Sure! I like it for brevity and accuracy of both the threat and its seriousness. I’ll try to use it instead of “kill everyone.”
I basically agree with this as stated, but think these arguments also imply that it is reasonably likely that the vast majority of people will survive misaligned AI takeover (perhaps 50% likely).
I also don’t think this is very well described as arcane purposes:
Kindness is pretty normal.
Decision theory motivations is actually also pretty normal from some perspective: it’s just the generalization of relatively normal “if you wouldn’t have screwed me over and it’s cheap for me, I won’t screw you over”. (Of course, people typically don’t motivate this sort of thing in terms of decision theory so there is a bit of a midwit meme here.)
You’re right. I didn’t mean to say that kindness is arcane. I was referring to acausal trade or other strange reasons to keep some humans around for possible future use.
Kindness is normal in our world, but I wouldn’t assume it will exist in every or even most situations with intelligent beings. Humans are instinctively kind (except for sociopathic and sadistic people), because that is good game theory for our situation: interactions with peers, in which collaboration/teamwork is useful.
A being capable of real recursive self-improvement, let alone duplication and creation of subordinate minds is not in that situation. They may temporarily be dealing with peers, but they might reasonably expect to have no need of collaborators in the near future. Thus, kindness isn’t rational for that type of being.
The exception would be if they could make a firm commitment to kindness while they do have peers and need collaborators. They might have kindness merely as an instrumental goal, in which case it would be abandoned as soon as it was no longer useful.

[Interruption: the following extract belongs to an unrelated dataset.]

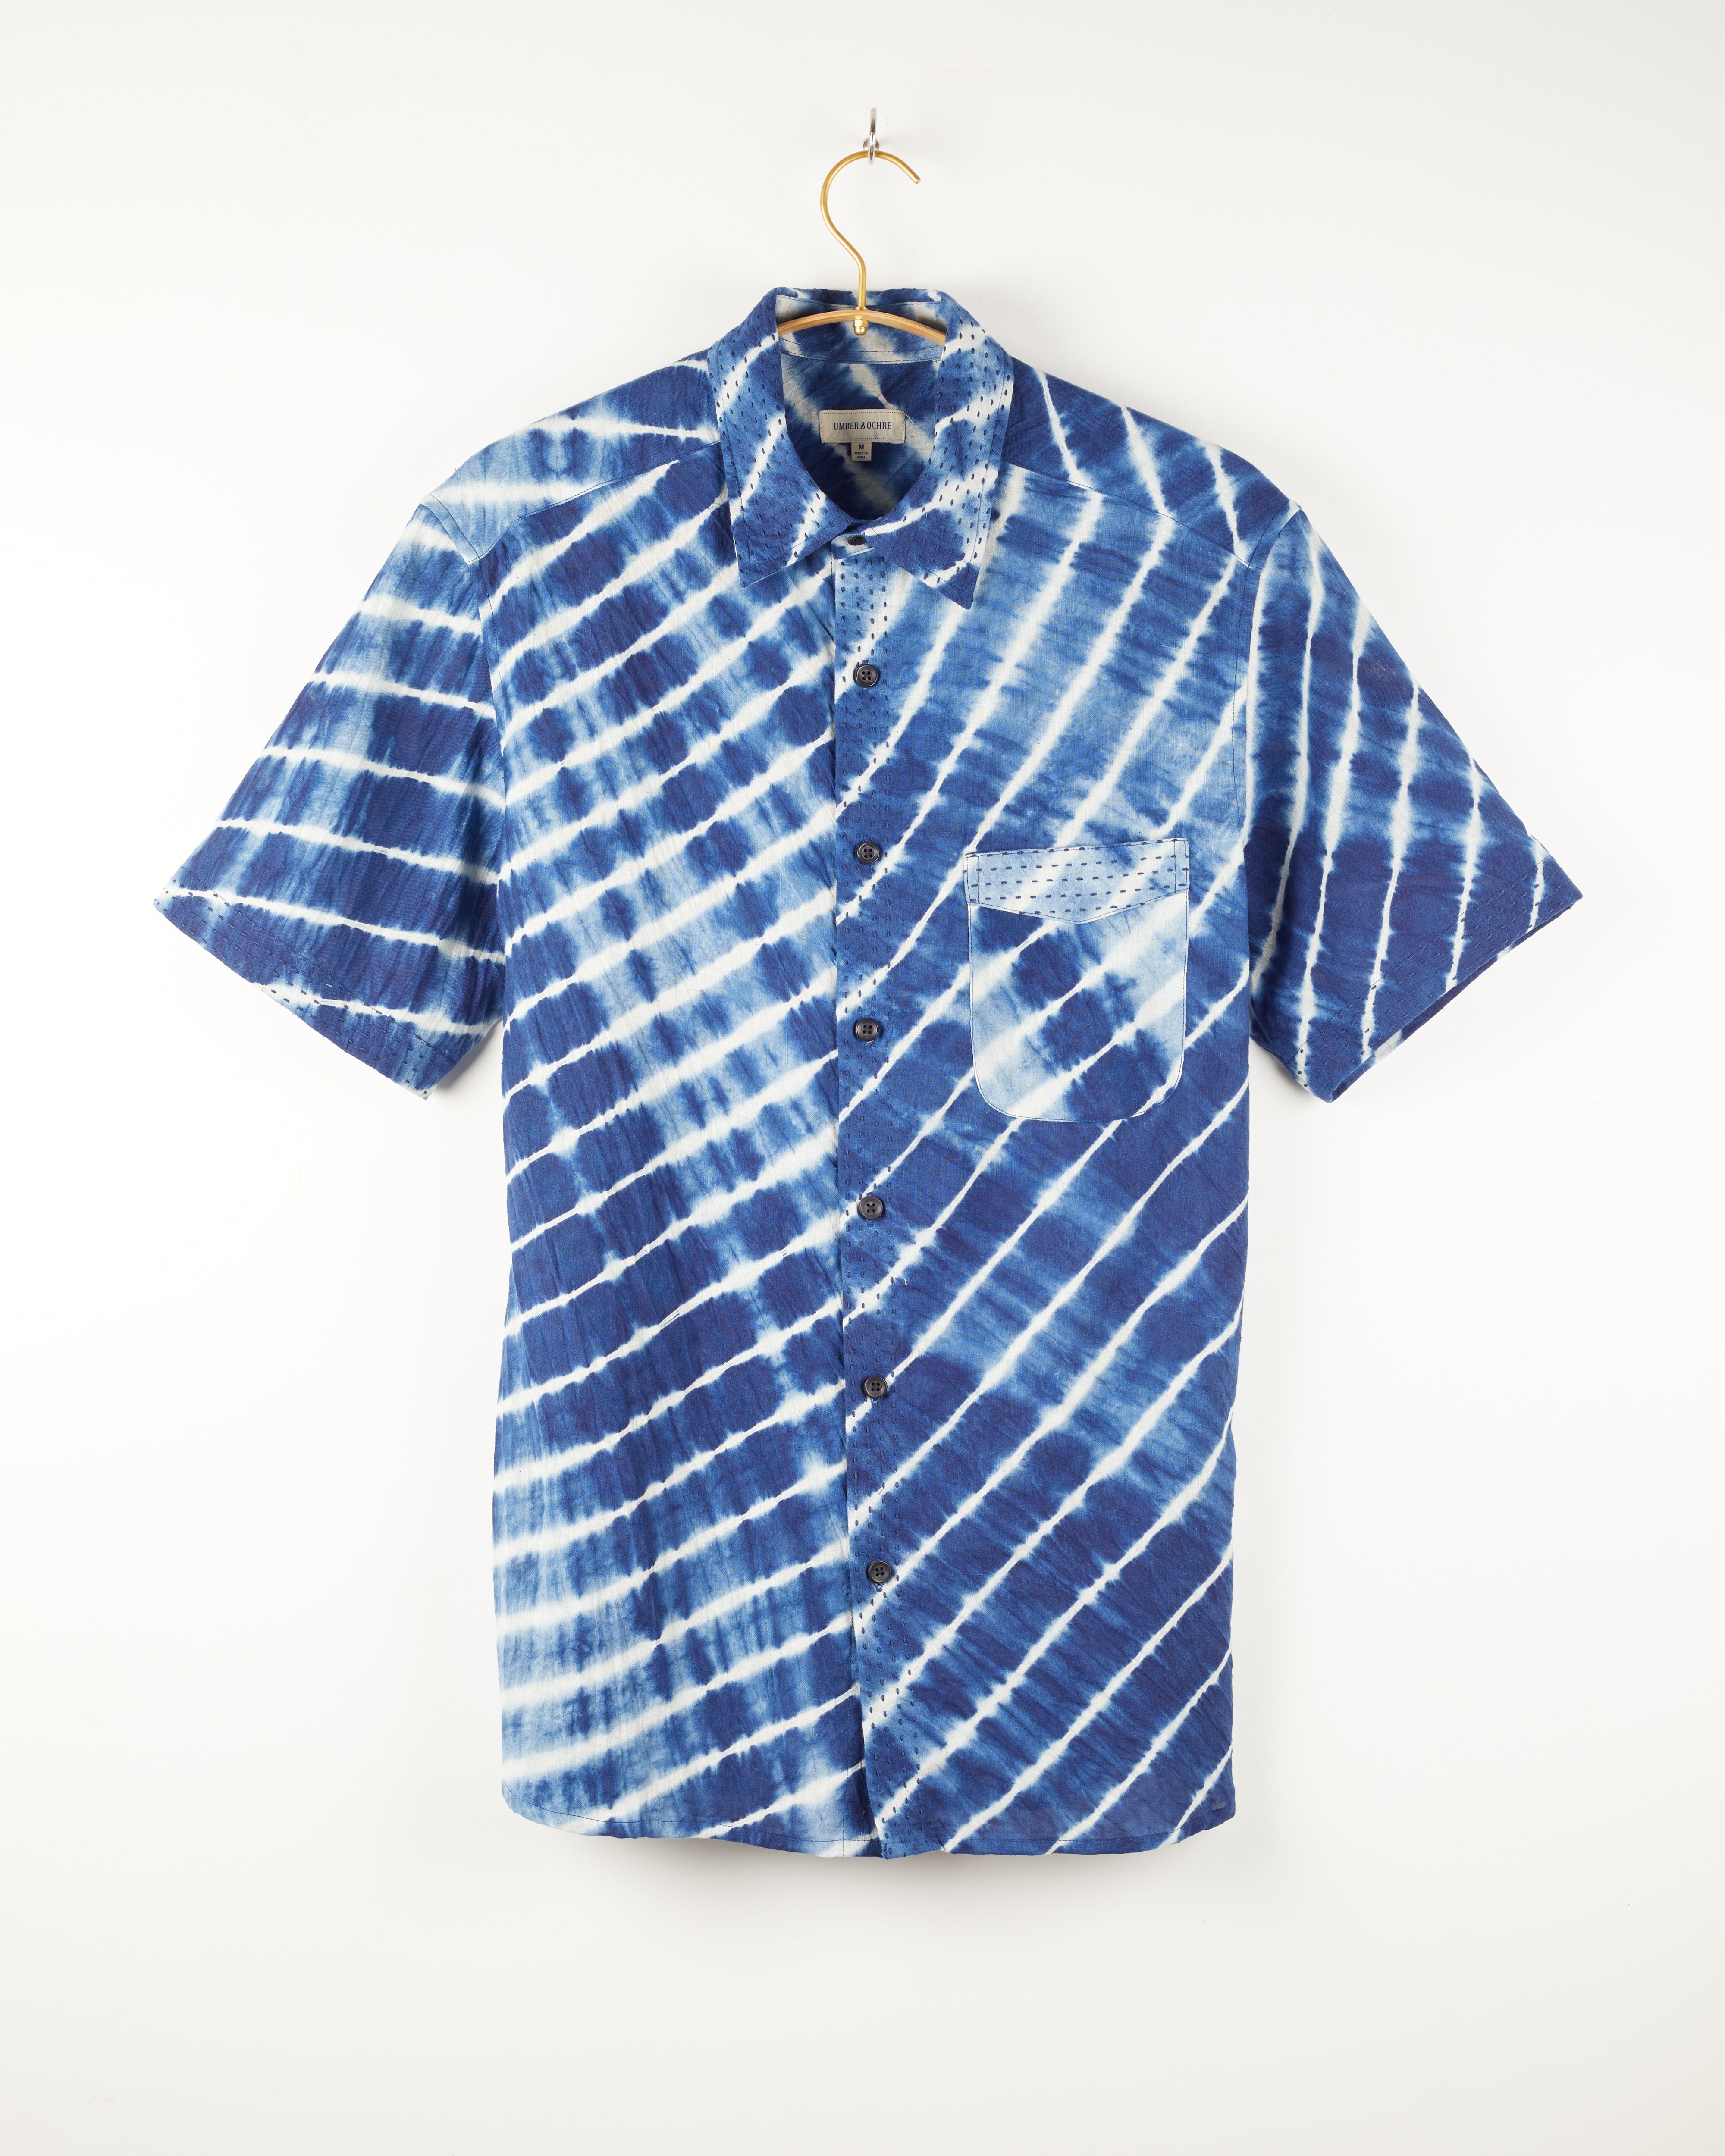 S/S Kabir Shirt in Diagonal Shibori Indigo

Or they might display kindness more instinctively, as a tendency in their thought or behavior. They might even have it engineered as an innate goal, as Steve hopes to engineer. In those last two cases, I think it’s possible that reflexive stability would keep that kindness in place as the AGI continued to grow, but I wouldn’t bet on it unless kindness was their central goal. If it was merely a tendency and not an explicit and therefore self-endorsed goal, I’d expect it to be dropped like the bad habit it effectively is. If it was an innate goal but not the strongest one, I don’t know but wouldn’t bet on it being long-term reflexively stable under deliberate self-modification.
(As far as I know, nobody has tried hard to work through the logic of reflexive stability of multiple goals. I tried, and gave it up as too vague and less urgent than other alignment questions. My tentative answer was maybe multiple goals would be reflectively stable; it depends on the exact structure of the decision-making process in that AGI/mind).